Perhaps most importantly, the DEA classification of marijuana is extremely irresponsible because it restricts cannabis research. Since weed is deemed dangerous with a high potential for addiction, there is red tape in the way of running clinical trials that would use scientific reasoning to determine the actual risks and benefits of consuming marijuana. This might, once and for all, put those damaging claims to rest.
In other news, the DEA recently announced that drugs with a THC content below 0.1 percent have been moved from a Schedule 1 drug classification into a Schedule 5 classification, as long as they have been okayed by the United States Food and Drug Administration. This mainly includes CBD products.

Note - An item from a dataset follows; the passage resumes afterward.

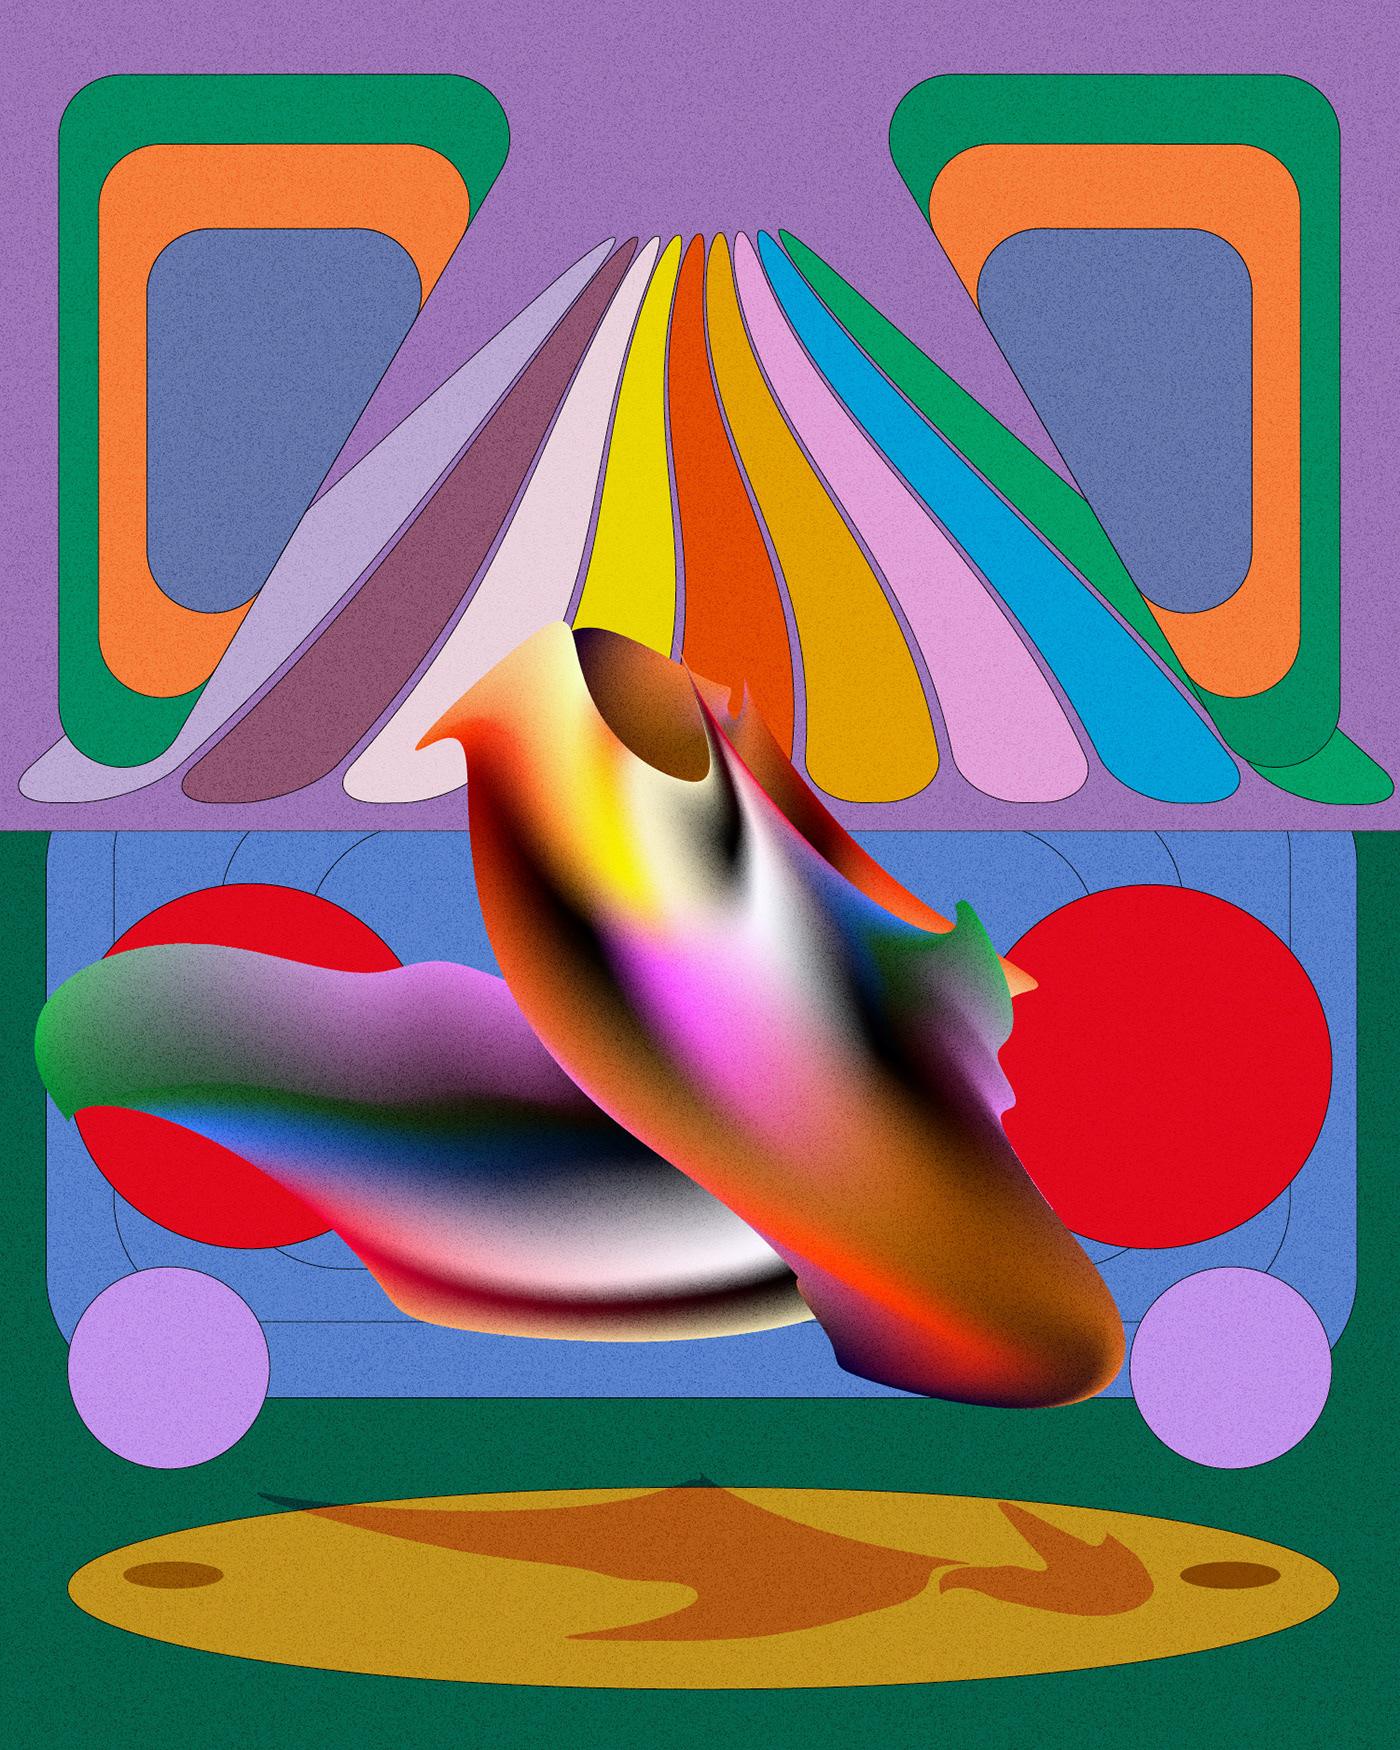 art arte artist dibujo digitalart Drawing  graphicdesign ILLUSTRATION  Illustrator poster

This is fortuitous for several key reasons. First, as a direct result of this announcement, the U.S has its first non-synthetic cannabis medicine on the market, approved by a federal government agency. This is a big deal for CBD producers, patients, and those that know and understand the healing properties of CBD.
It is also a big step forward, for an underlying reason: this announcement acknowledges that the DEA has admitted that cannabis has medicinal value.
If you recall, Schedule 1 drugs maintain that title because there is zero accepted medical use or potential for it. This is a major admission, and could lead to doors opening for reclassification cases and petitions. This is a big indicator that the DEA is starting to shift their views, and slowly move from a stance of opposition to support.
This is the very first time that the DEA has lowered cannabis of any form from a Schedule 1 drug. CBD-dominant products could potentially be on the market soon, hopefully followed by further education. End game: THC-dominant cannabis moving down several classes, as the government figures out that a marijuana high is not equivalent to danger.
Marijuana is still considered a Schedule 1 drug – that’s the current reality, marked by the DEA. It does not, however, mean that hope is lost, or that the classification is permanent. In the meantime, consider educating yourself, your family, and your friends on cannabis – the good, the iffy, the science, and the medicinal history of the plant – CBD and THC alike.
Look into reclassification petitions, local activism groups, and weed reform information. And, if you live in a state with legalized recreational marijuana, embrace hope that those laws will someday spread and be accepted on a federal level throughout the US.